**Problem to solve**
Below is a listing to transcribe in full and exactly; keep the pictures out.

**Dataset extract**
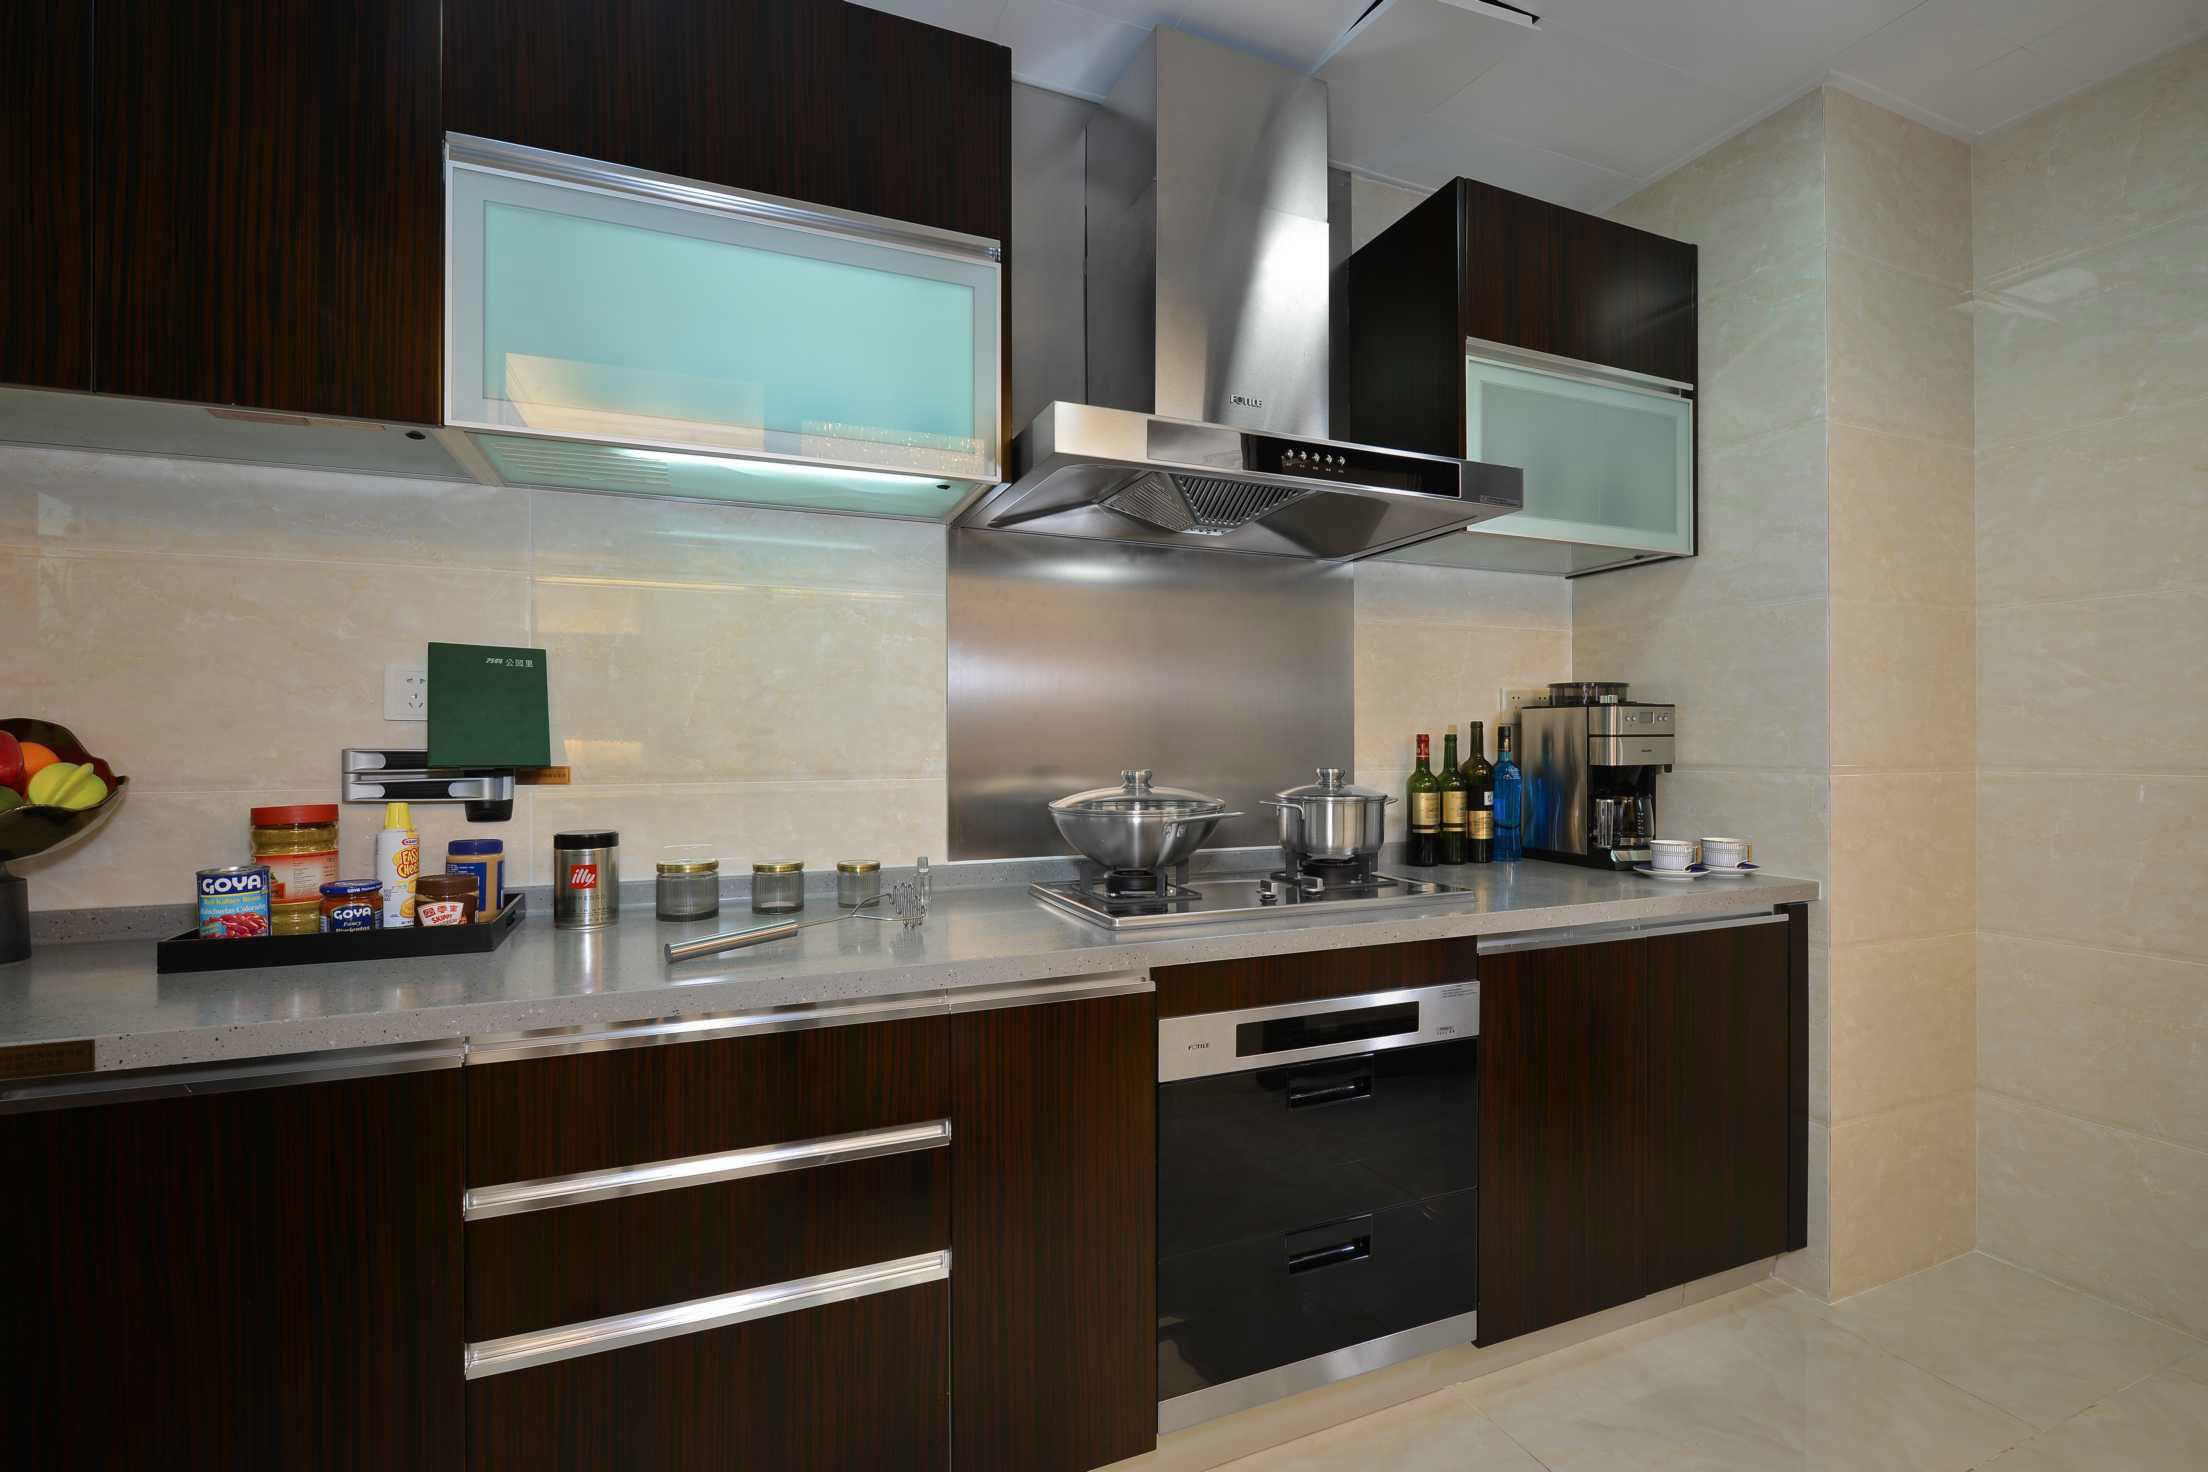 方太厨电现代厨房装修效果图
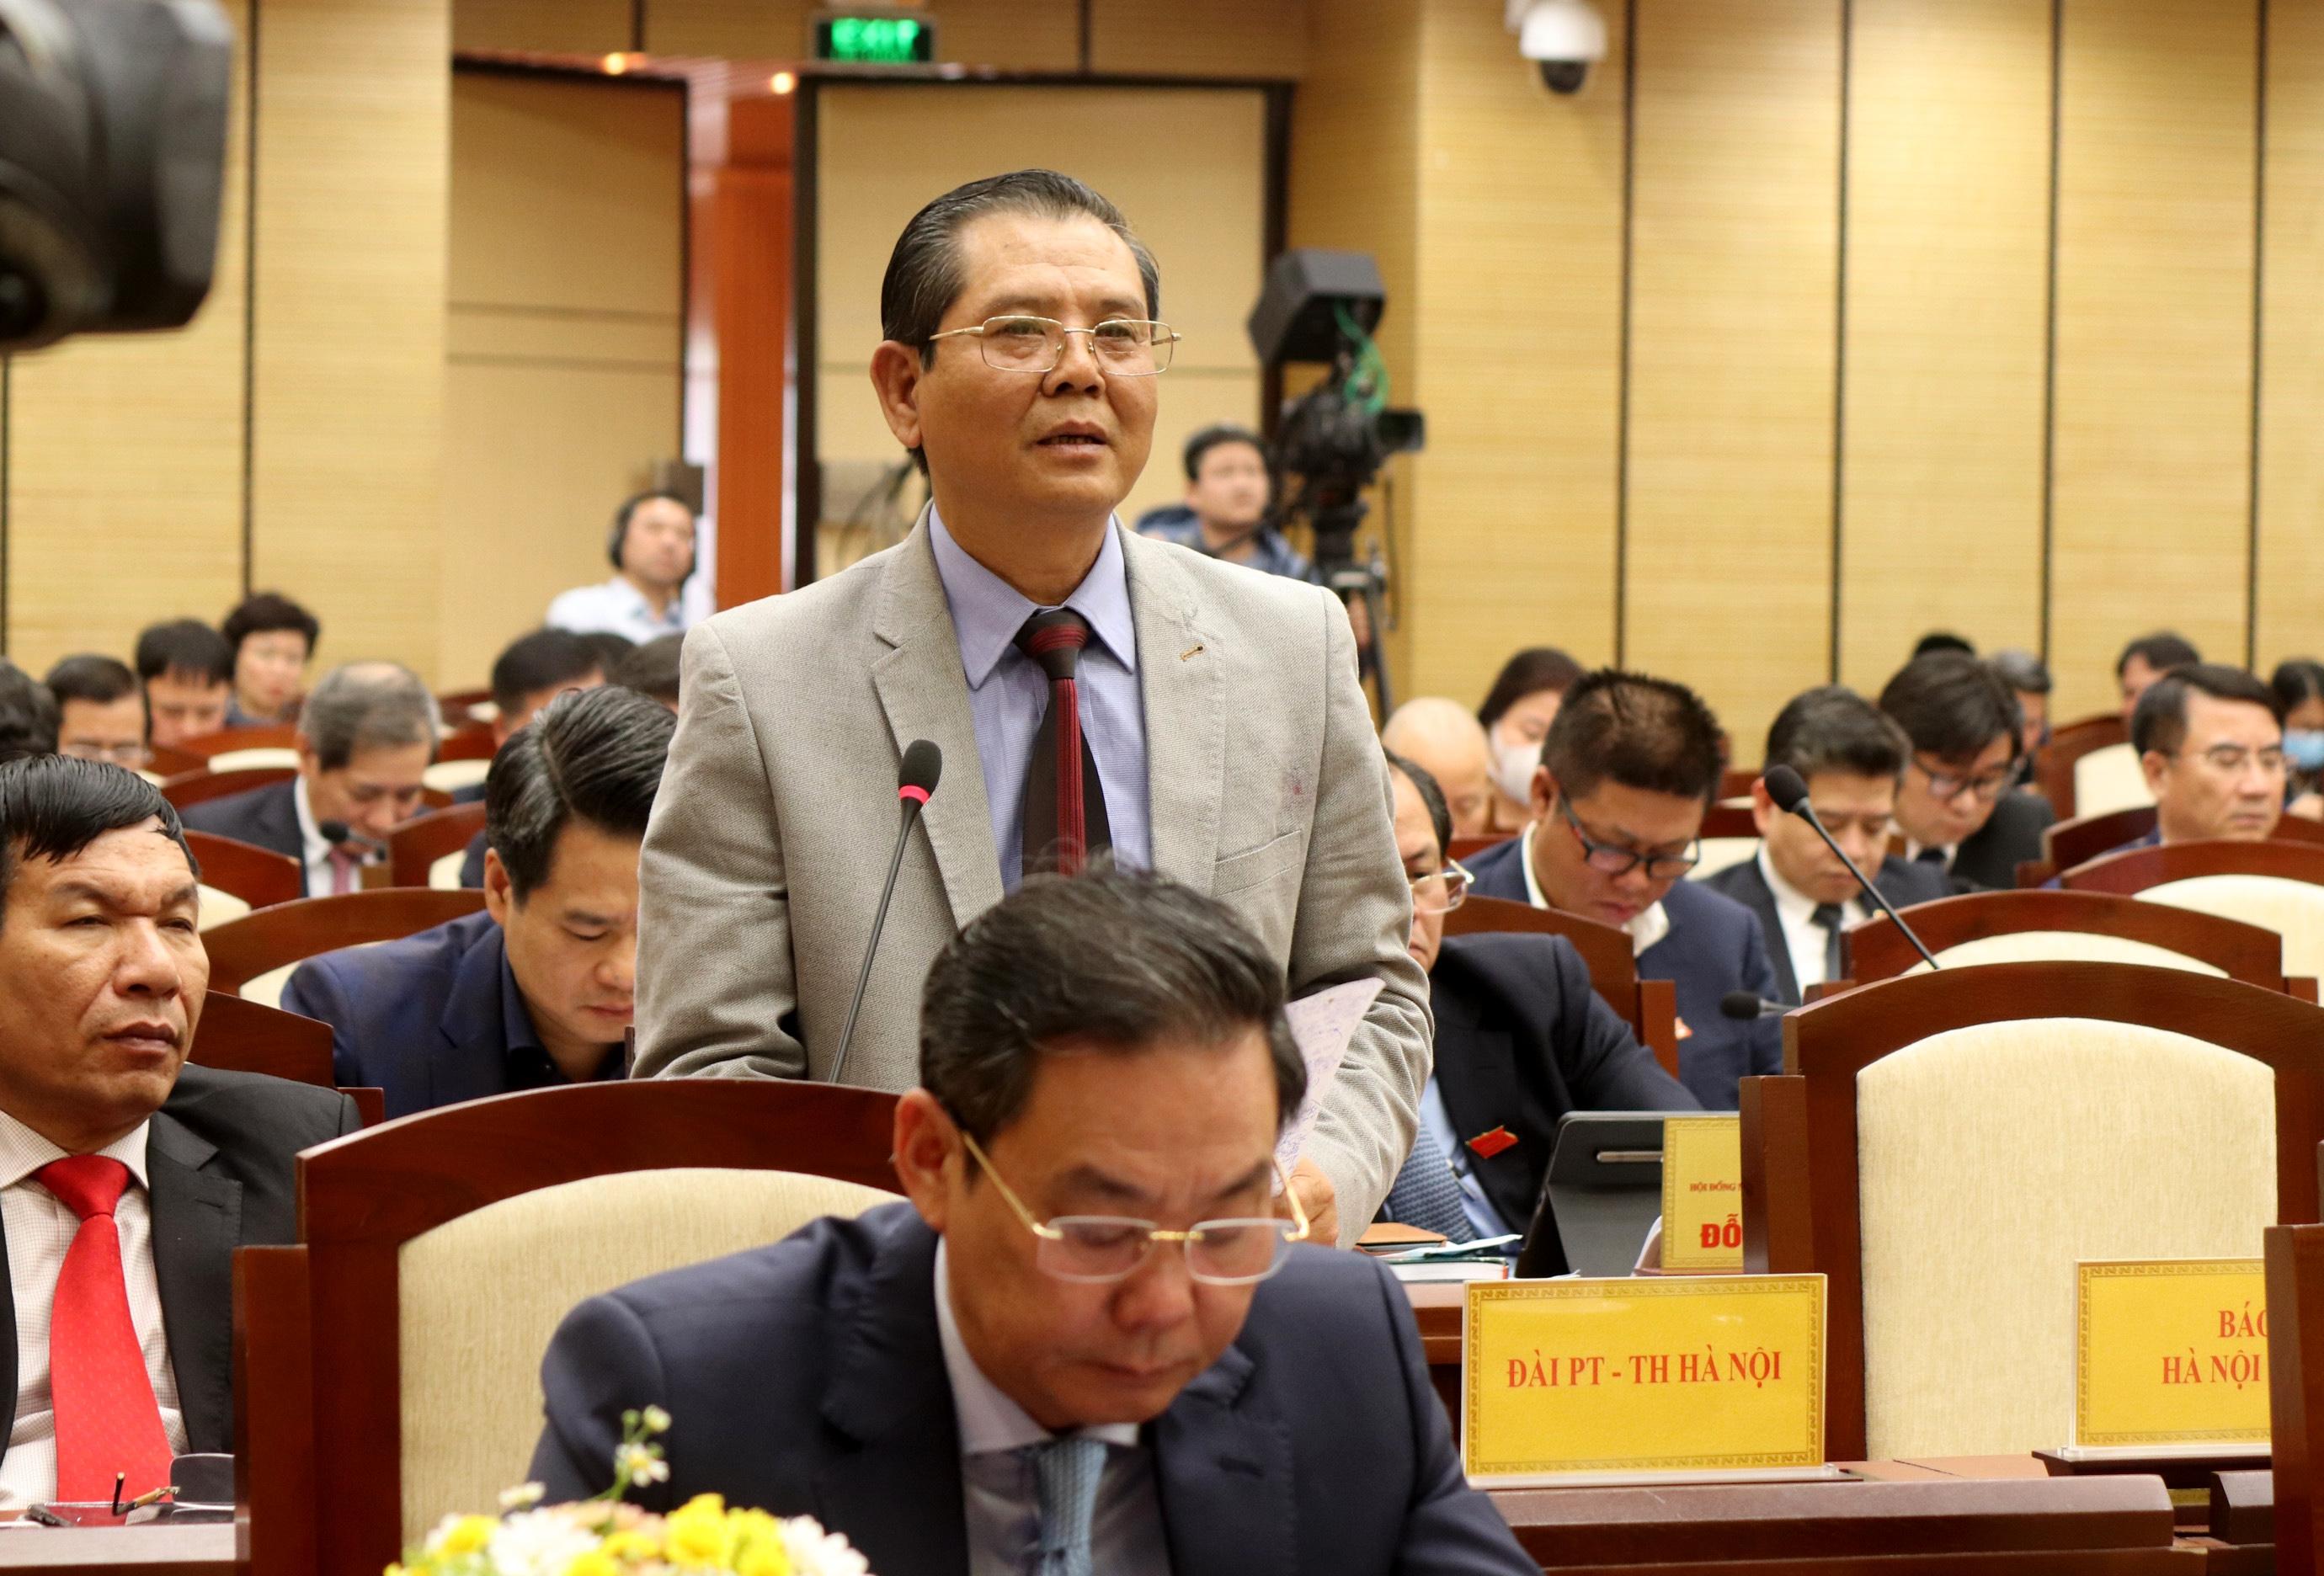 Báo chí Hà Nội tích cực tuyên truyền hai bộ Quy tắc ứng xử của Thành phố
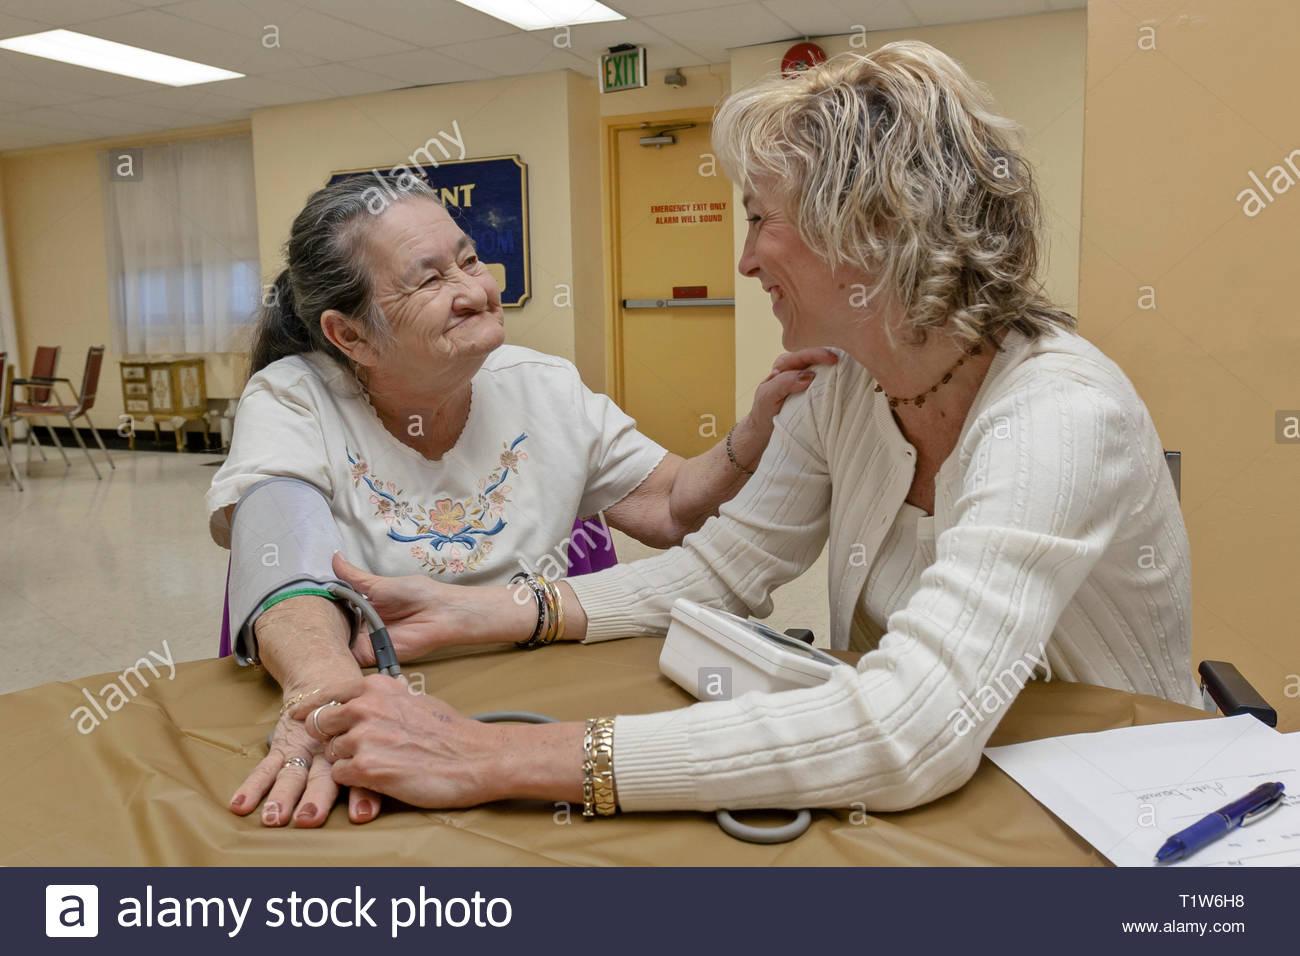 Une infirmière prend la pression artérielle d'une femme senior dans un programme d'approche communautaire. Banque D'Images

**Result of this task**
 方太厨电现代厨房装修效果图
 Báo chí Hà Nội tích cực tuyên truyền hai bộ Quy tắc ứng xử của Thành phố
 Une infirmière prend la pression artérielle d'une femme senior dans un programme d'approche communautaire. Banque D'Images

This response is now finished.